Yup it wasn't that long ago that I was happy playing games with a 64k single ISDN connection giving me pings around 150ms, it is surprising what you can get used too.
A ping of 150ms is a completely different situation.
In an online game with 150ms ping your game engine is still operating at say 5-45ms per frame and your movement/input lag will be below that as well, it's just players within your game would sometimes jump about within your normally running game. That is a complete different concept to the entire game having crappy lag and everything you do doesn't appear to you until 150ms later. Also that 150ms is the return trip for information with exceptionally little processing going on at the other end. With cloud gaming that 150ms would be the minimum, on top of that you would have the frame being processed.
I assume your not a fan of the cloud based gaming tech them DM or is it just the currant state of the implementation of it ?
Anything about how it currently runs is woeful, nothing even connected to how they run at the moment is feasible for even 'good' gaming, let alone anything like what you can do at home today. All modding, gone, high IQ, gone, low latency, gone.
If you take say me playing GTA v now, I can get 120fps easily with xfire, that means movement I make in the game can be updated every 8ms or so, no perceivable input lag and smooth as butter gaming at the settings I chose. Take that to streaming and one, they wouldn't provide me with xfire 290s level of performance so IQ takes a nose dive, 120hz, no chance, no where near as smooth, mods, no chance. But more importantly, my input has to go to them to be processed which means I turn, it gets, even with a great ping 15ms later to them, gets processed which if lucky would be at 60hz kind of performance so another 16ms later, then it has to come back to me. So realistically the minimum input latency will be 45ms. In reality more processing needs to be done, the image needs to be compressed, it has to be fiddled with at this end before being displayed and the last I heard Grid and other game streaming services were in the 200ms or above range, with 200ms considered good performance considering what is achievable today.

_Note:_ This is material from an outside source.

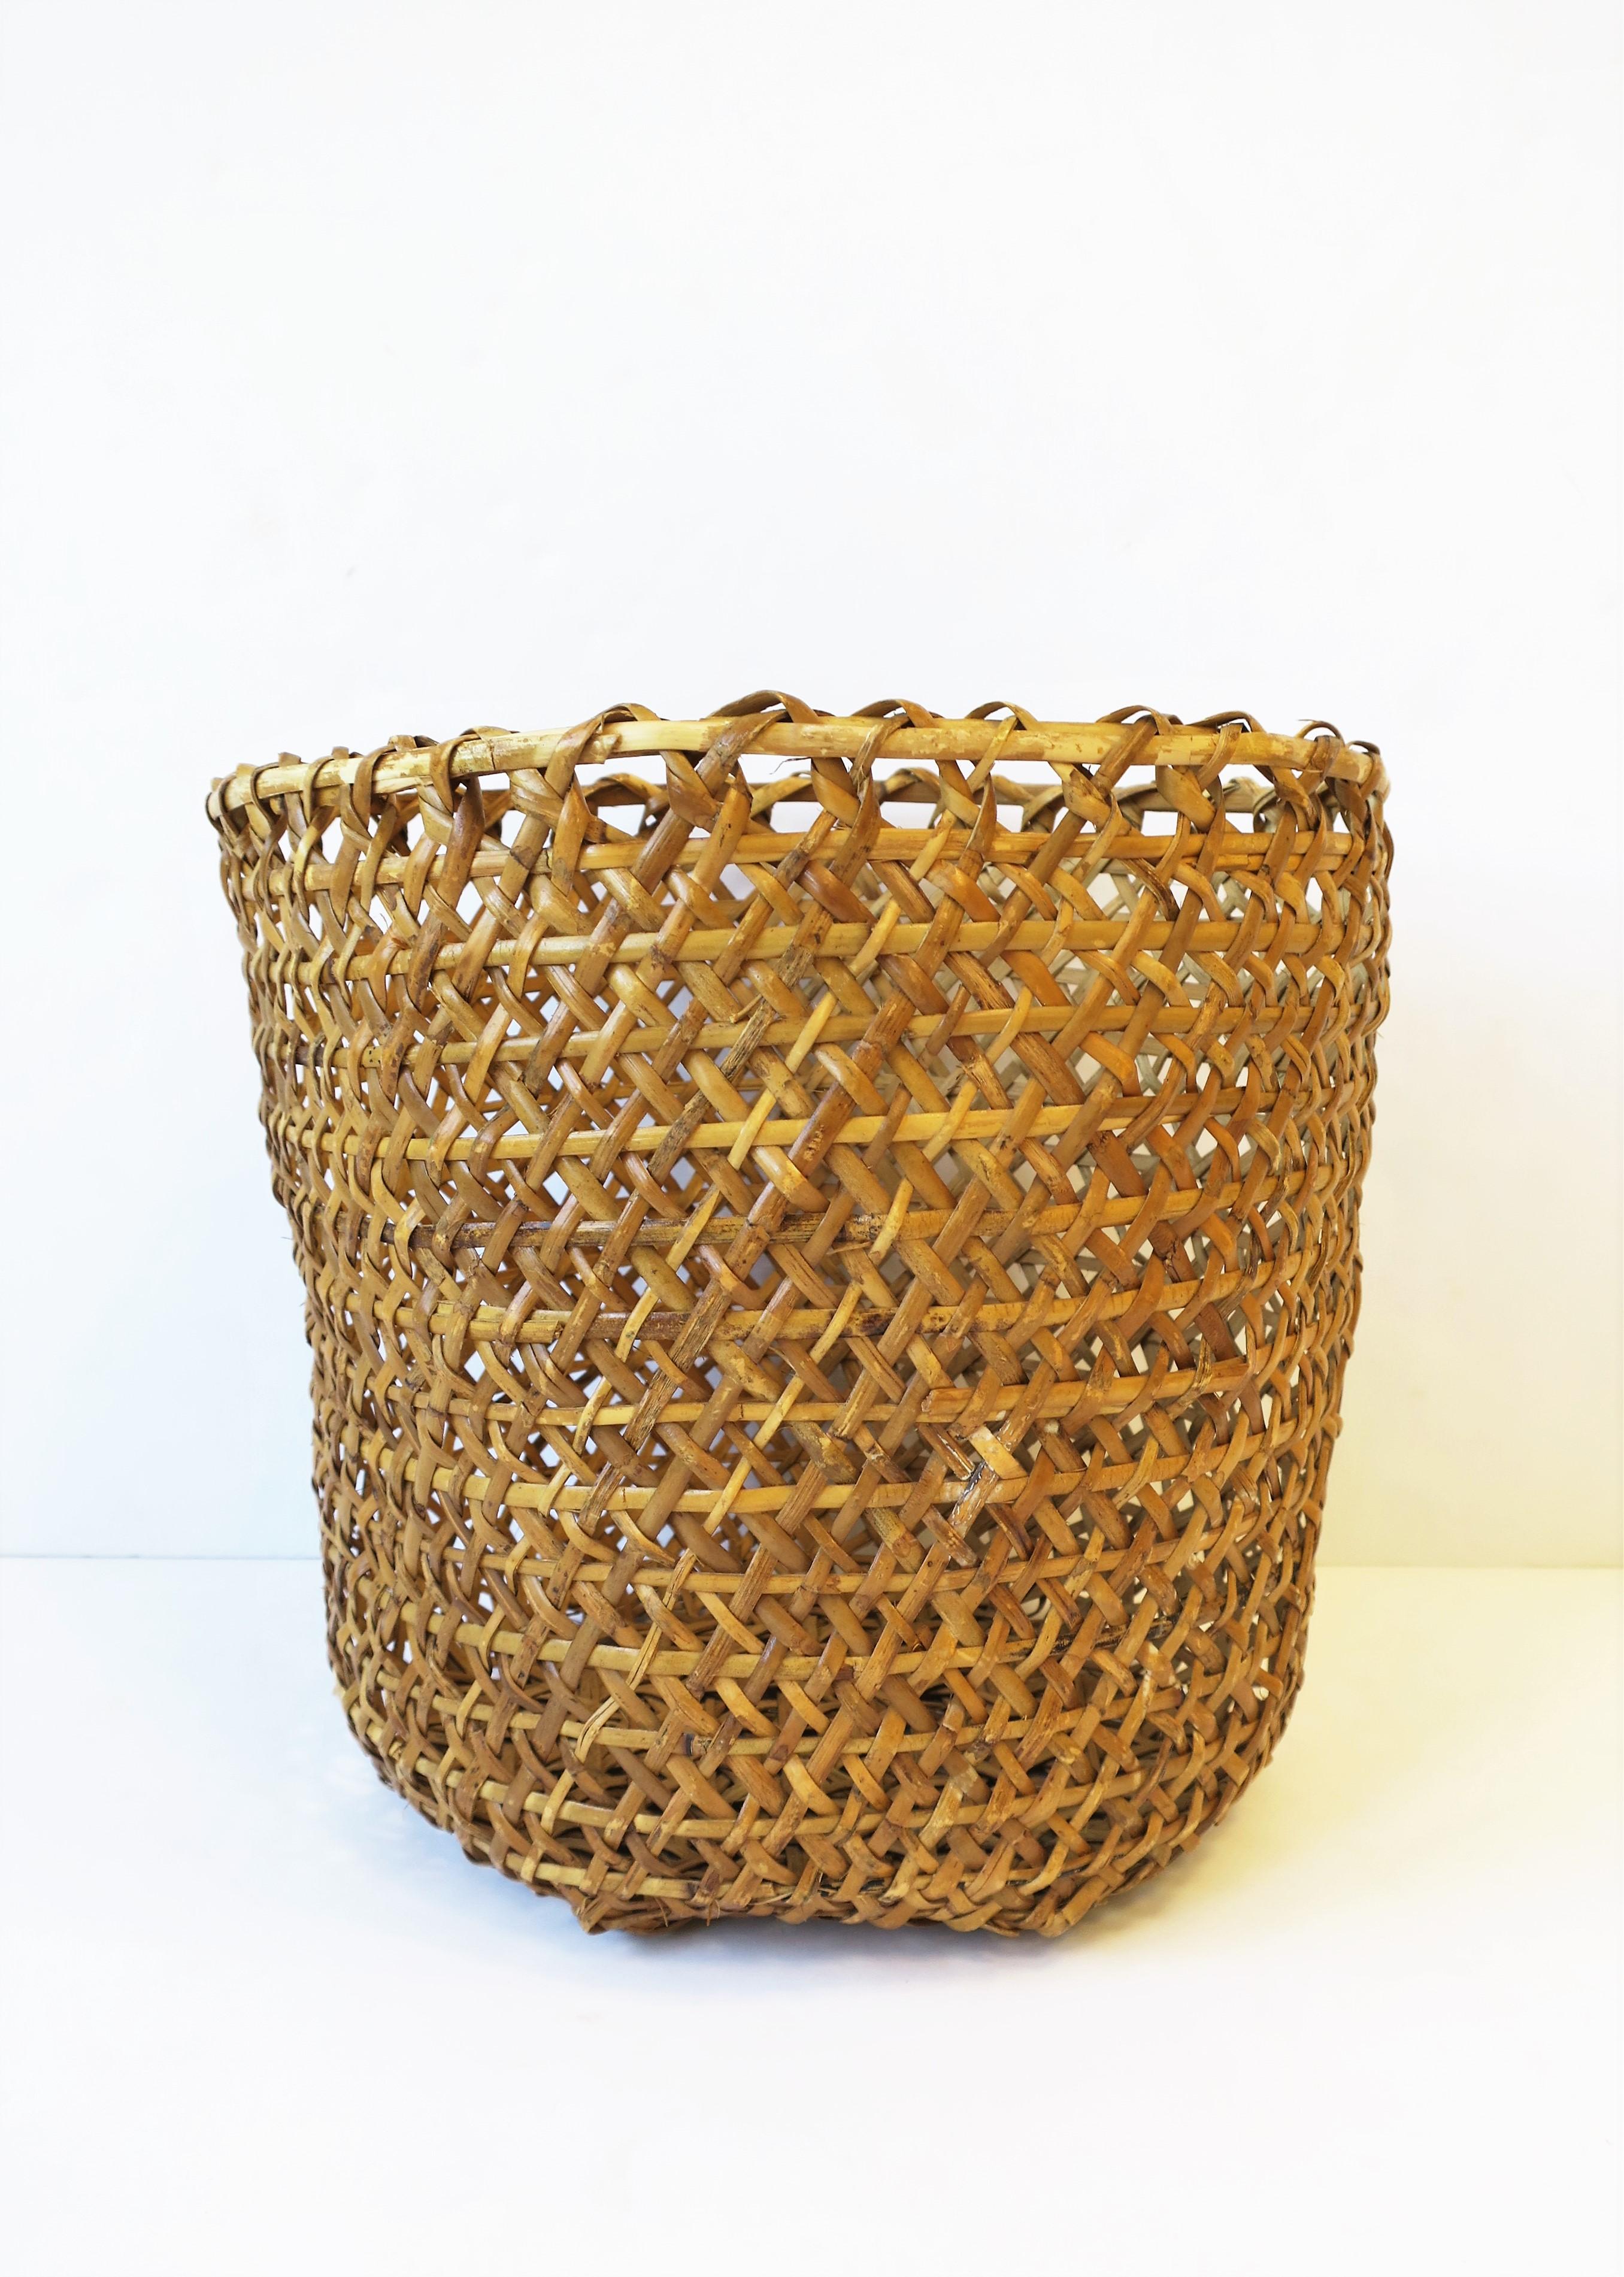 Vintage Wicker Basket Cachepot or Wastebasket Trash Can 2

Even at it's absolute best, if you could rent 2 high end gpus and get 120hz of high IQ stuff back... and they created a cloud network that had almost negligible excess lag, on a freaking awesome connection you will get 45ms input latency.... which is effectively 10 times worse than what I have gaming at home.
The tech isn't there and likely won't ever be because basic connections across the internet are surprisingly fast already. Accessing a server somewhere within the local area 8-10ms is as low as you will realistically ever get. You have to go through routing hardware in the box you're connected to, at the exchange that box is connected to, from that exchange to your ISP's link to a backbone, from backbone to the server and then back. Into and out of multiple routers determines a realistic minimum latency that honestly won't ever be overcome. These things use fibre optics and the speed of light for most of the communication stages.
Latency sensitive applications suck on the internet, things that aren't sensitive to latency like video/music are awesome. I've tried onlive, it was horrendous for a single player type game, multiplayer through a cloud gaming service would only compound the issue and become horrific.